- Brief
Leave out the pictures and output exactly the lines below from the one with "This is a modernist" down to the one with "The hinged top", both of them included.

- Data for processing
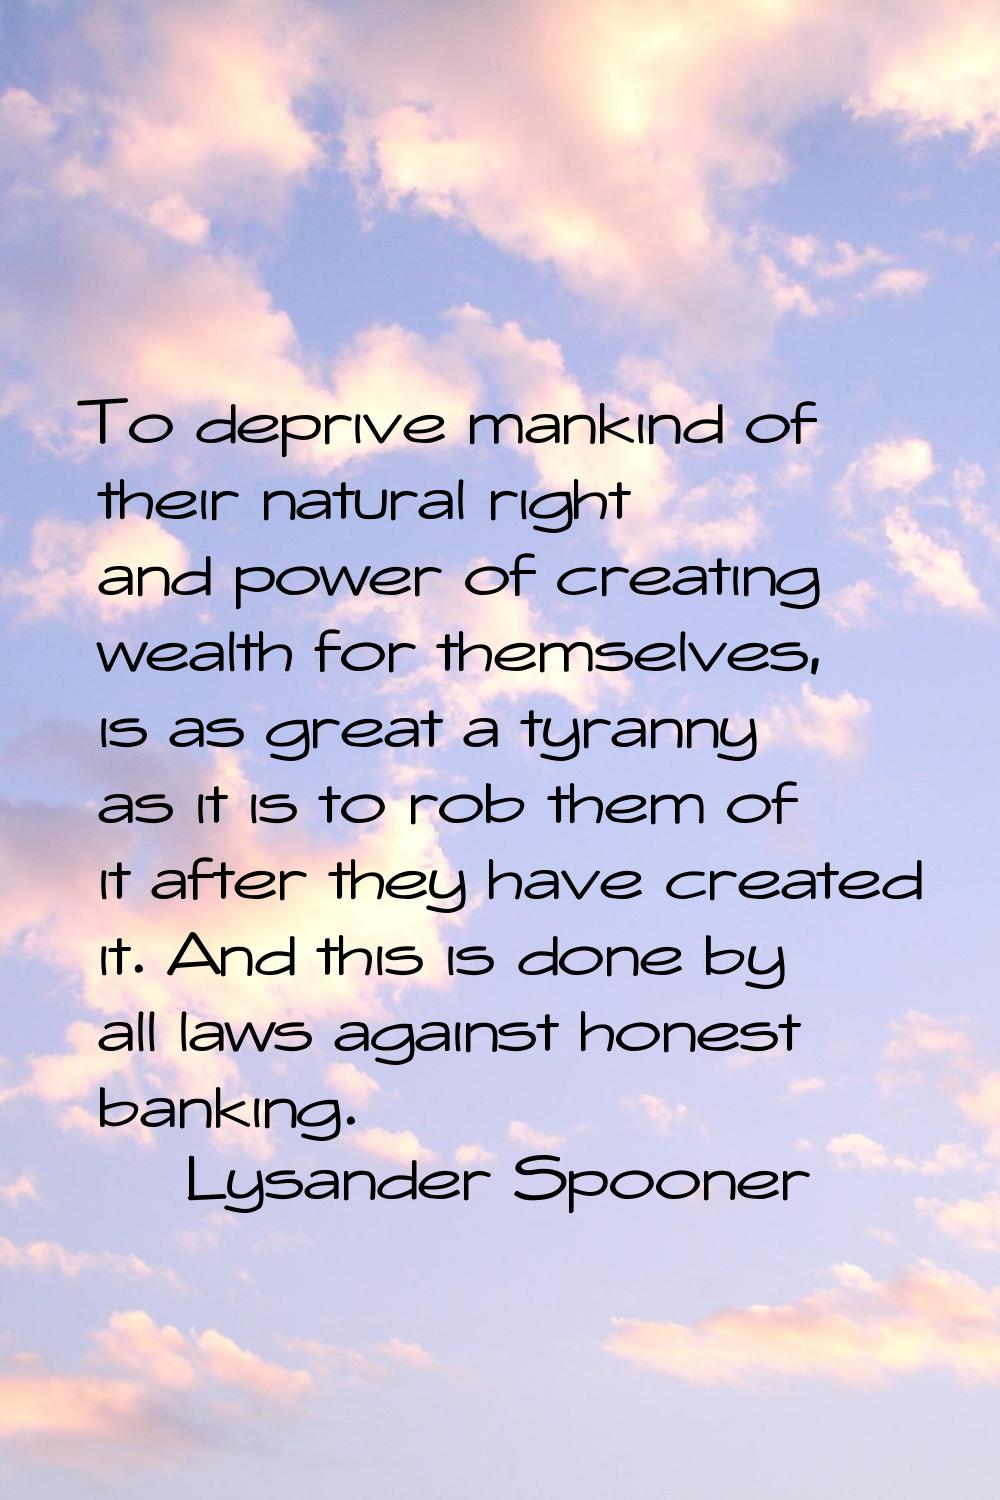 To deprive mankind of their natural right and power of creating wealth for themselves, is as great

---

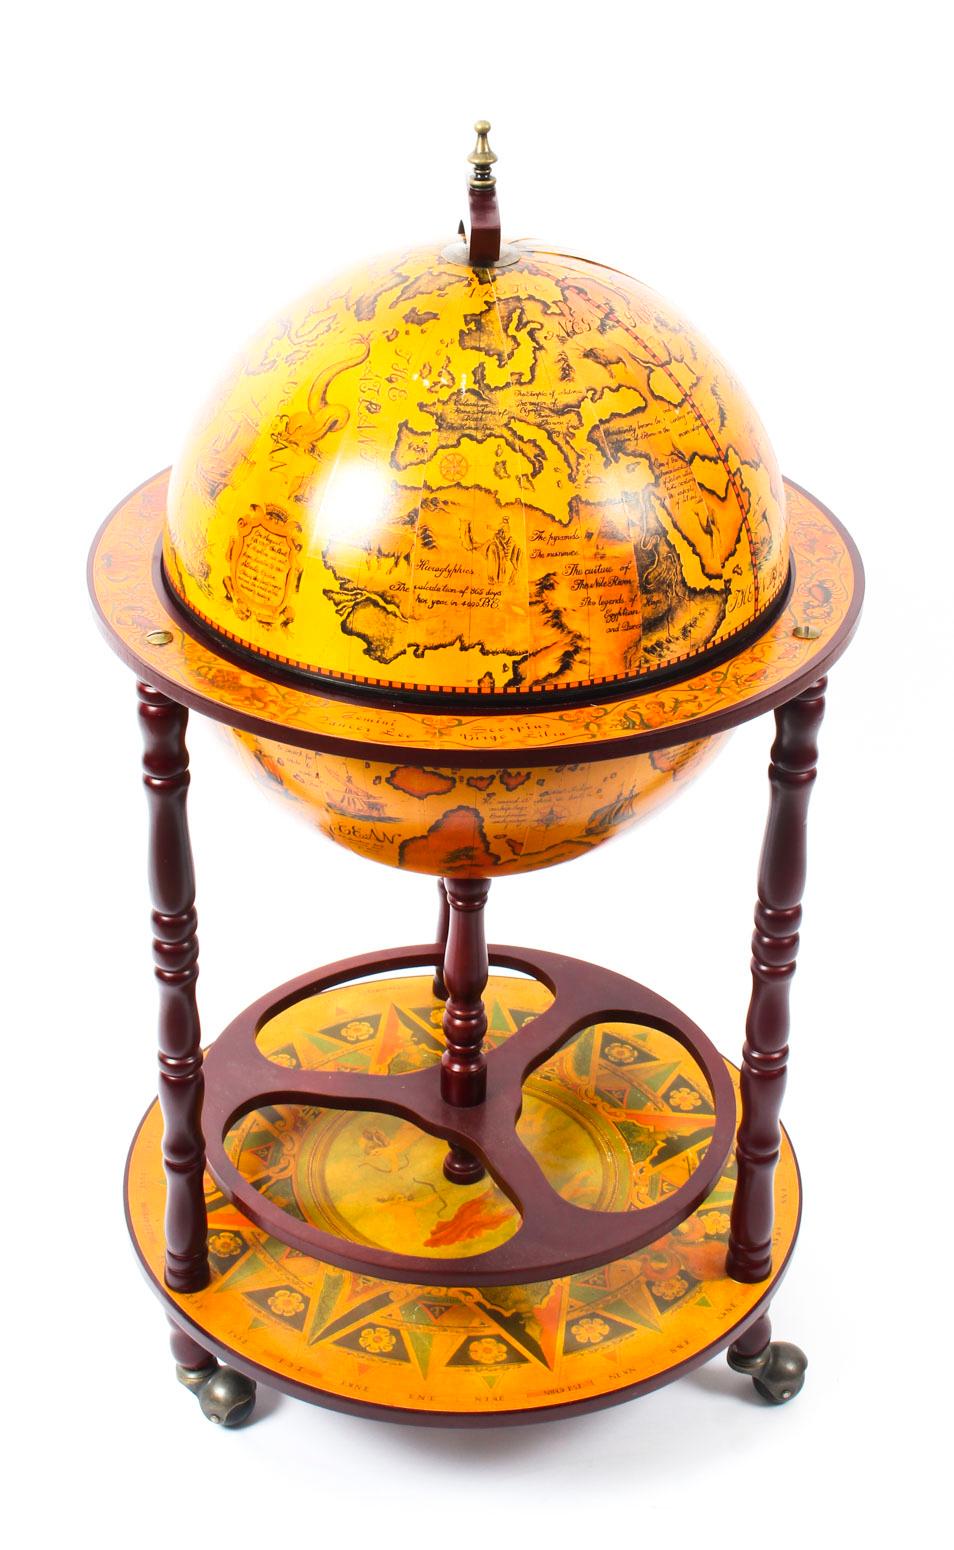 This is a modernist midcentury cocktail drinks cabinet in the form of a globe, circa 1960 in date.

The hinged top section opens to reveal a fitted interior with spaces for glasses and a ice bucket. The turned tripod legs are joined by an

--

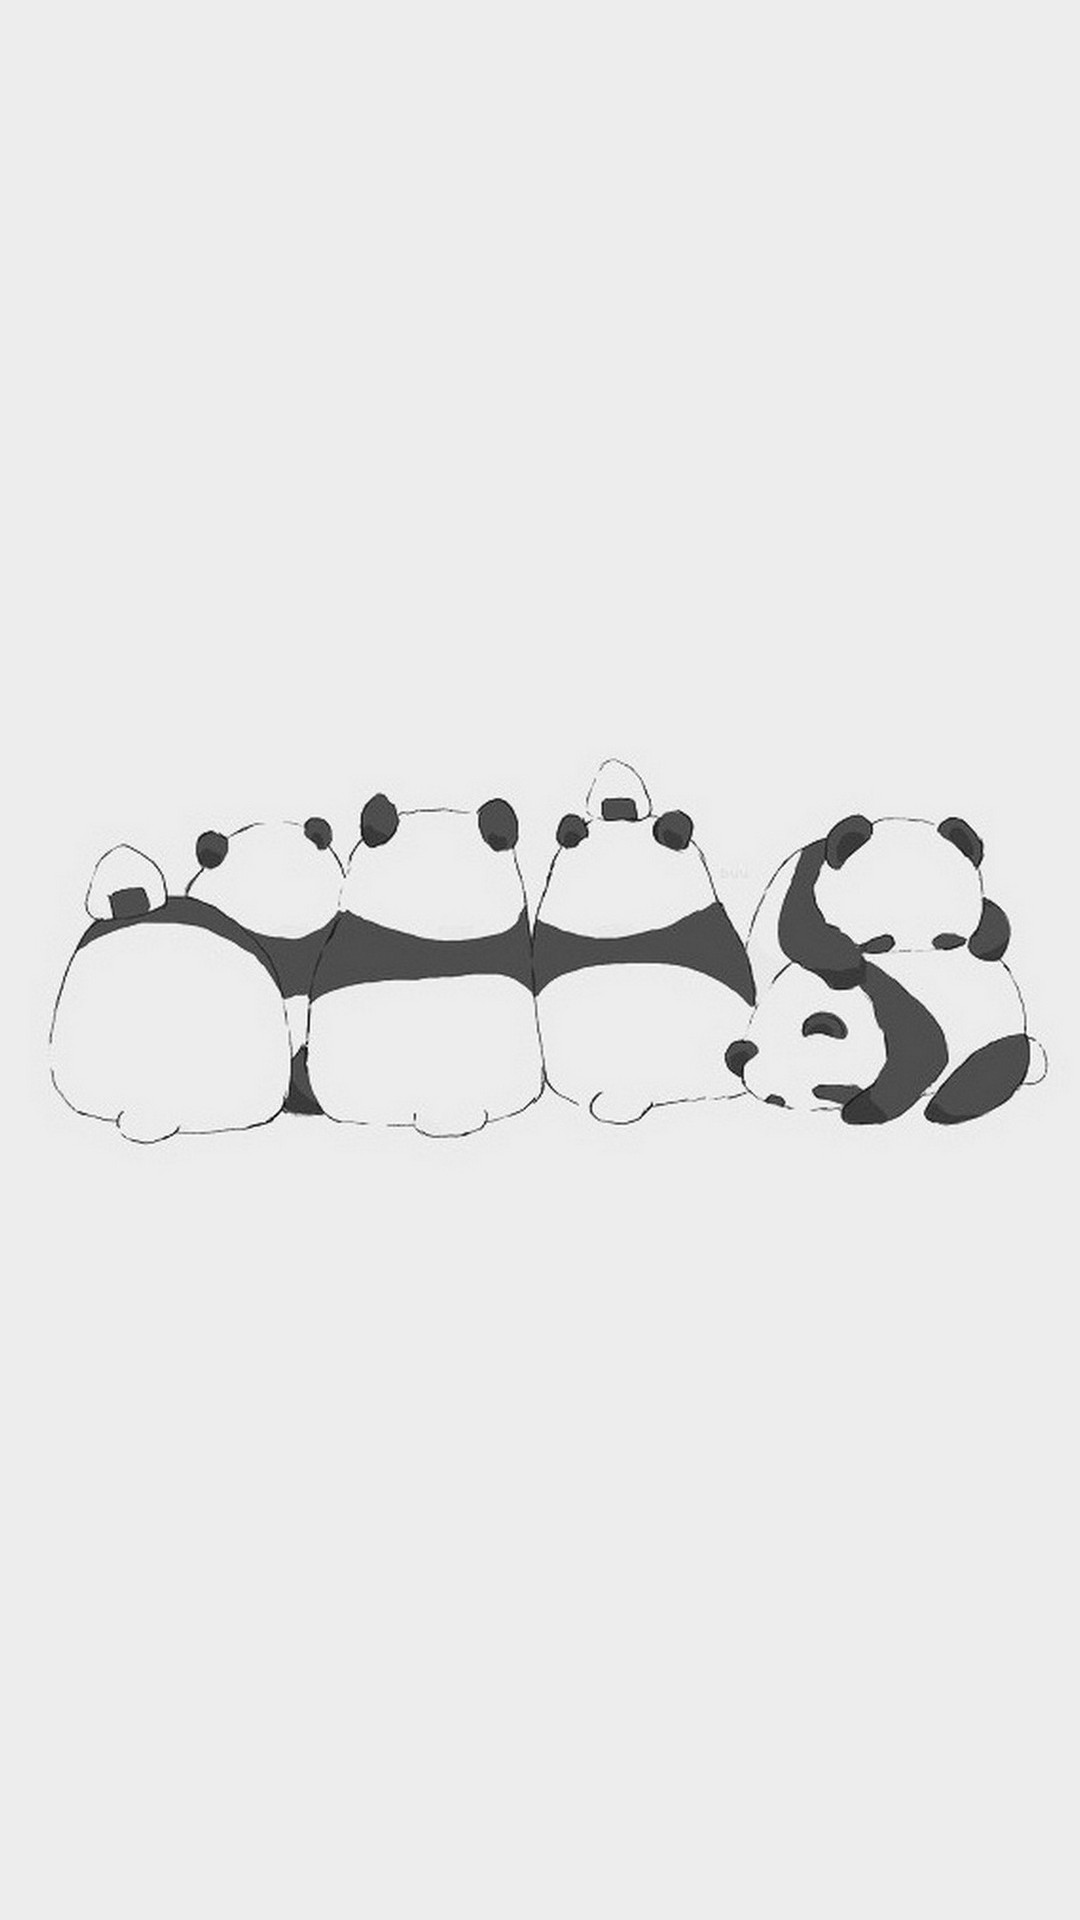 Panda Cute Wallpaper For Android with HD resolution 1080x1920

- Written solution
 This is a modernist midcentury cocktail drinks cabinet in the form of a globe, circa 1960 in date.

The hinged top section opens to reveal a fitted interior with spaces for glasses and a ice bucket. The turned tripod legs are joined by an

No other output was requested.